Verelst’s career after the royal commission was one of decline. In 1727, he was declared bankrupt followed by an enforced sale in which a version of the Moroccan ambassador’s portrait sold well. He wrote his will in 1730 leaving comparatively little in comparison with his siblings Lodvick and Adriana. (Note: Lodvick Verelst left a gold guinea to his mother and to each of his siblings; John Verelst left a shilling to each of four sons, leaving the residue of his estate to his wife, Anne, during her lifetime and then to be equally divided between their daughter, Cecilia, and son, William Verelst.) When he died in March 1734, an inventory of his goods and chattels was required. It contains the usual range of household goods and some painting materials, including old frames and partly completed pictures. Verelst had been working on a copy of a portrait of a Mr Water, a joint enterprise with a Mr Bishop to acquire and sell thirty-two paintings which Verelst was preparing for market, and a consignment of eighteen pictures worth £20 to be shipped to India. John Verelst’s career finished as it started: using a variety of means to make a living through art.

==Selected works==

- Tejonihokarawa (baptized Hendrick). Named Tee Yee Neen Ho Ga Row, Emperor of the Six Nations. 1710, oil on canvas, 91.5 x 64.5 cm, Library and Archives Canada, Ottawa, inv. acc. no. 1977-35-4.

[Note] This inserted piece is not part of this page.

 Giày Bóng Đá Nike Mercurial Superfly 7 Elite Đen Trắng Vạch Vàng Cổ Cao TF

- Etowaucum (baptized Nicholas). Named Etow Oh Koam, King of the River Nation, 1710, oil on canvas, 91.5 x 64.5 cm, Library and Archives Canada, Ottawa, inv. 1977-35-1.
- Onigoheriago (baptized John). Named Ho Nee Yeath Taw No Row, King of the Generethgarich, 1710, oil on canvas, 91.5 x 64.5 cm, Library and Archives Canada, Ottawa, inv. 1977-35-2.

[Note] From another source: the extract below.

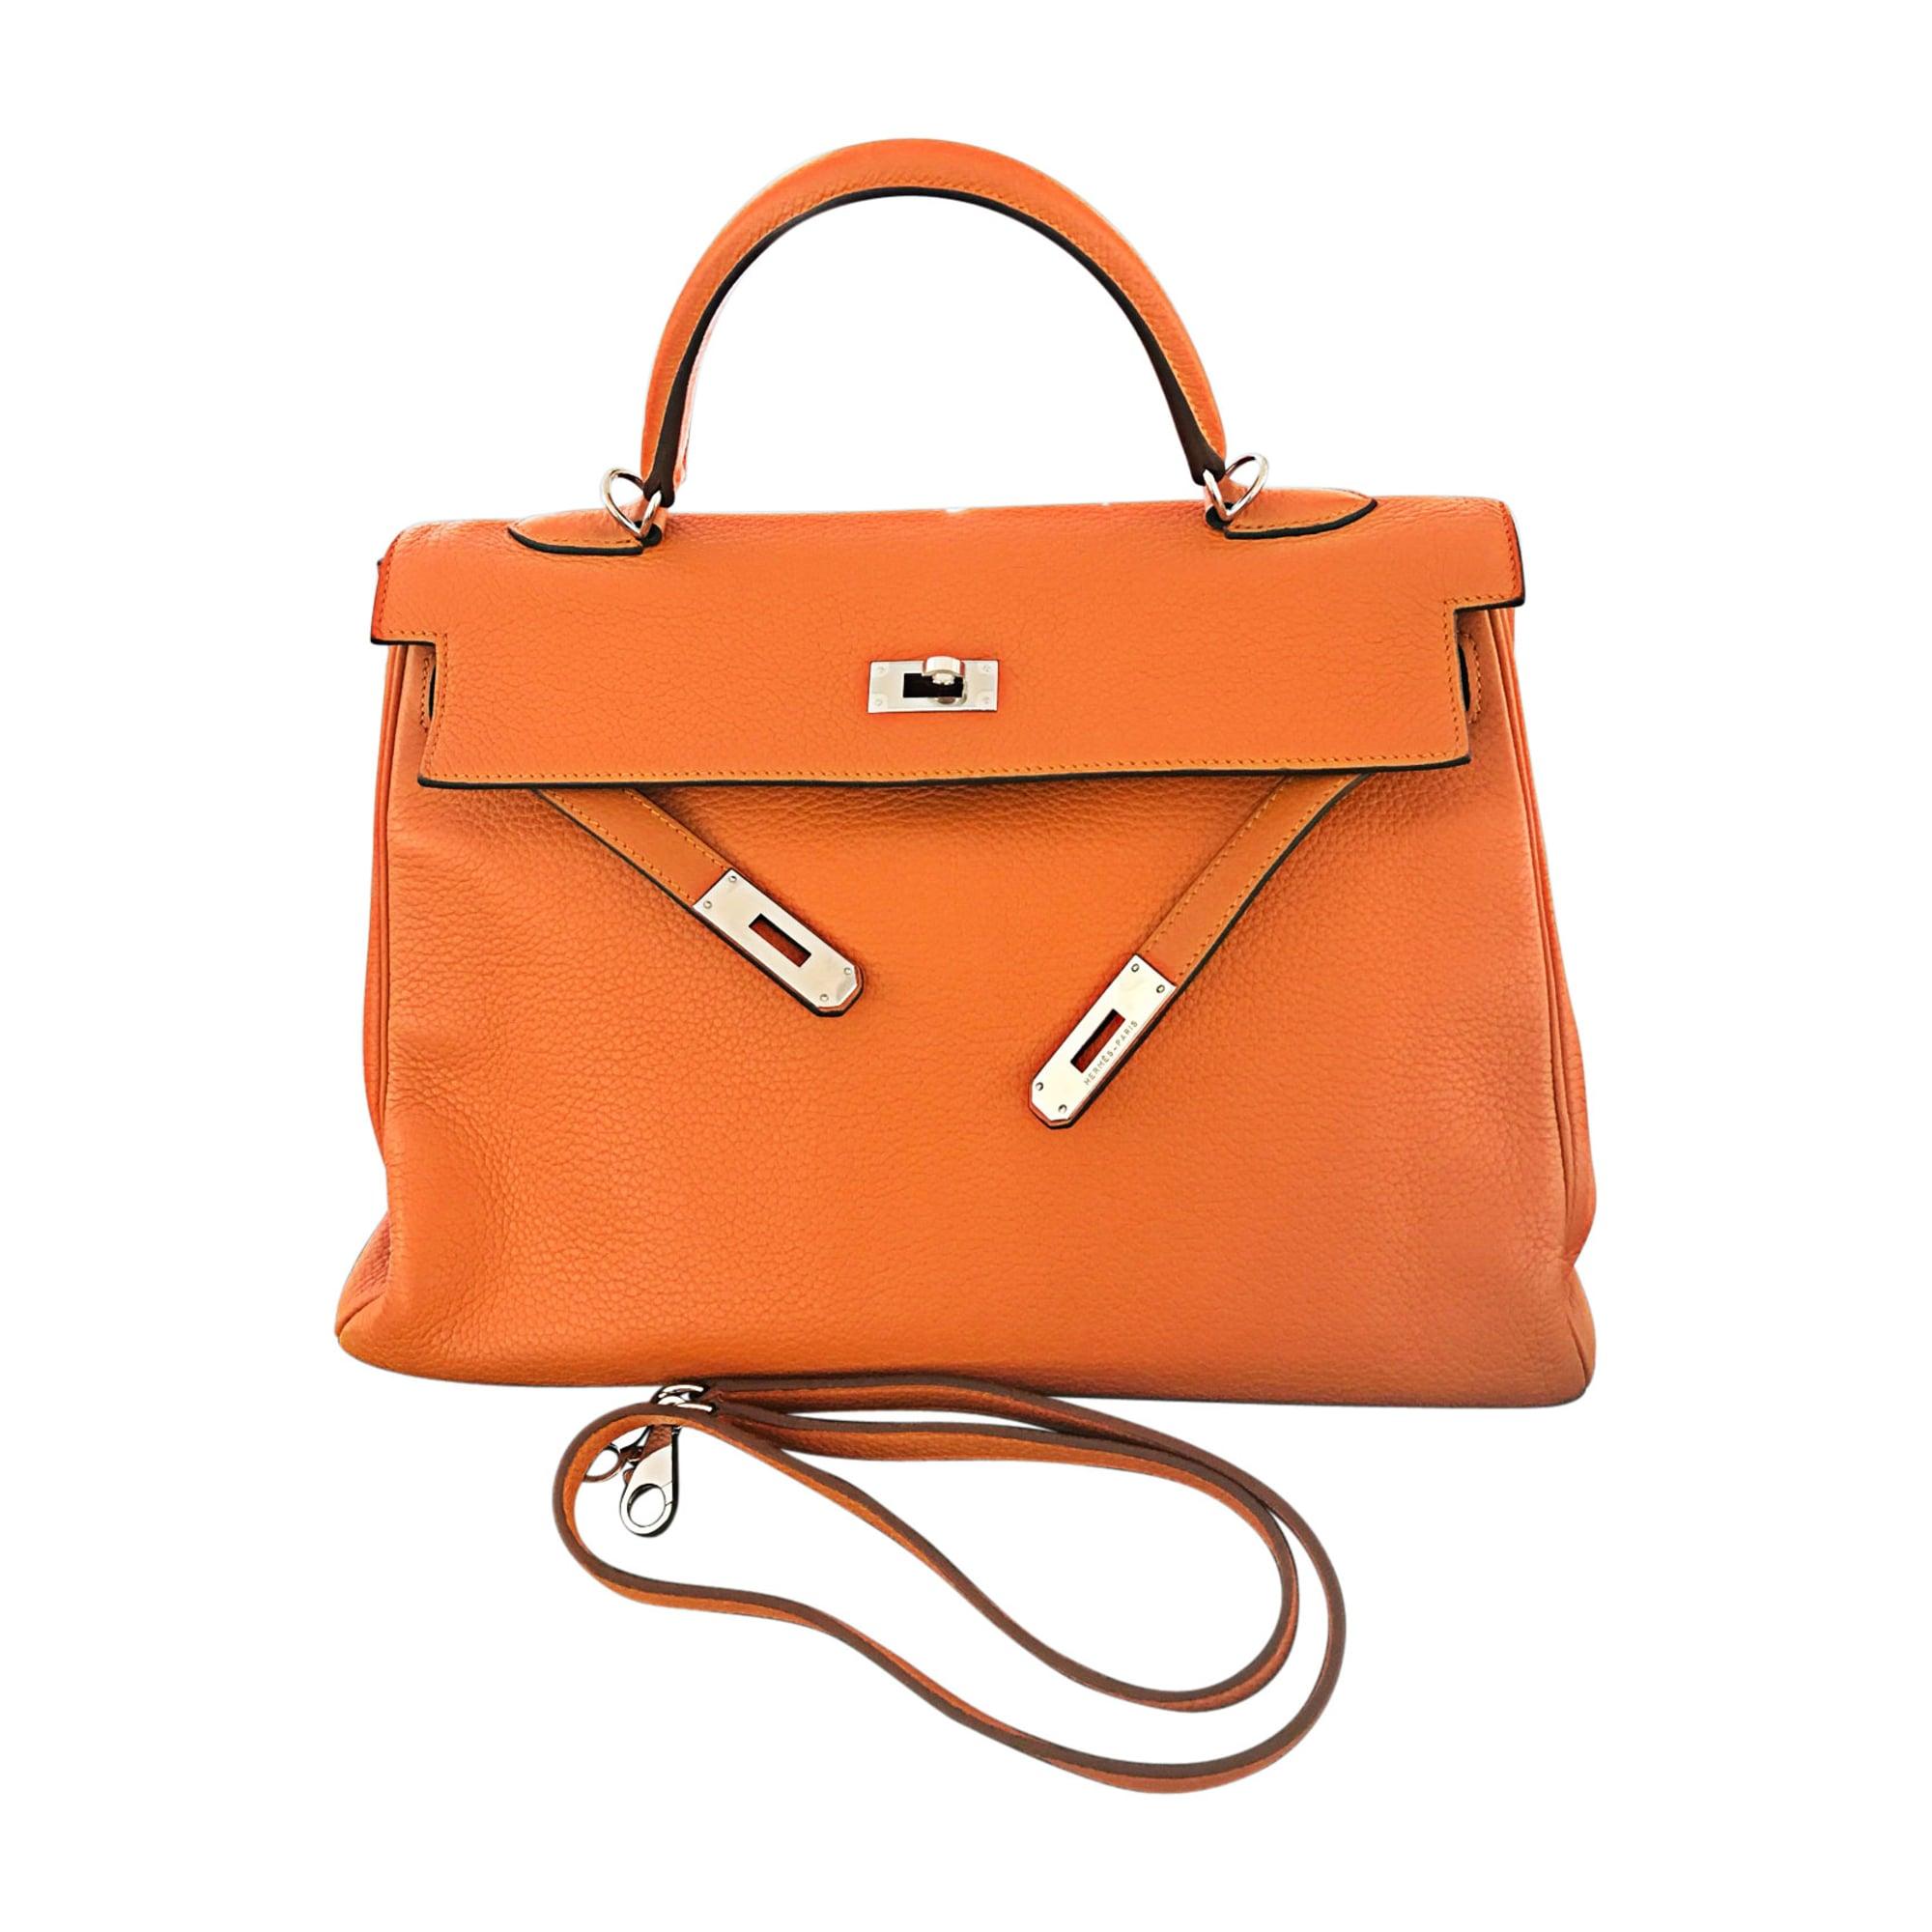 ebeb0b164f Sac à main en cuir HERMÈS kelly orange - 6520422

- Sagayenkwaraton (baptized Brant). Named Sa Ga Yeath Qua Pieth Tow, King of the Maquas (Mohawk), 1710, oil on canvas, 91.5 x 64.5 cm, Library and Archives Canada, Ottawa, inv. 1977-35-3.

Prints
- John Simon after John Verelst, Tee Yee Neen Ho Ga Row, Emperour of the Six Nations, 1710, mezzotint on laid paper, 41.5 x 25.5 cm, National Gallery of Art, Washington, DC, inv. 2001.118.44.
- John Simon after John Verelst, Etow Oh Koam, King of the River Nation, 1710, mezzotint on laid paper, 41.2 x 25.4 cm, National Gallery of Art, Washington, DC, inv. 2001.118.42.
- John Simon after John Verelst, Ho Nee Yeath Taw No Row, King of the Generethgarich, 1710, mezzotint on laid paper, 40.9 × 25.4 cm, National Gallery of Art, Washington, DC, inv. 2001.118.41.
- John Simon after John Verelst, Sa Ga Yeath Qua Pieth Tow, King of the Maquas, 1710, mezzotint on laid paper, 41 x 25.4 cm, National Gallery of Art, Washington, DC, inv. 2001.118.43.
- George Vertue after John Verelst Iacobus Gardiner A.M., 1717, mezzotint, 16.8 x 10.7 cm, The British Museum, London, inv. 1889,0409.309.
- George Vertue after John Verelst Reverendi admodum Radulph Taylor S.T.P., 1723, mezzotint, 37.5 x 26.7 cm, The British Museum, London, inv. 1849,1031.87.
- George Vertue after John Verelst Daniel Turner of the College of Phisicians, aetat 67, 1734, [1734], mezzotint on laid paper, 21.7 x 18.7 cm, Ashmolean Museum, Oxford, inv. WAHP38413.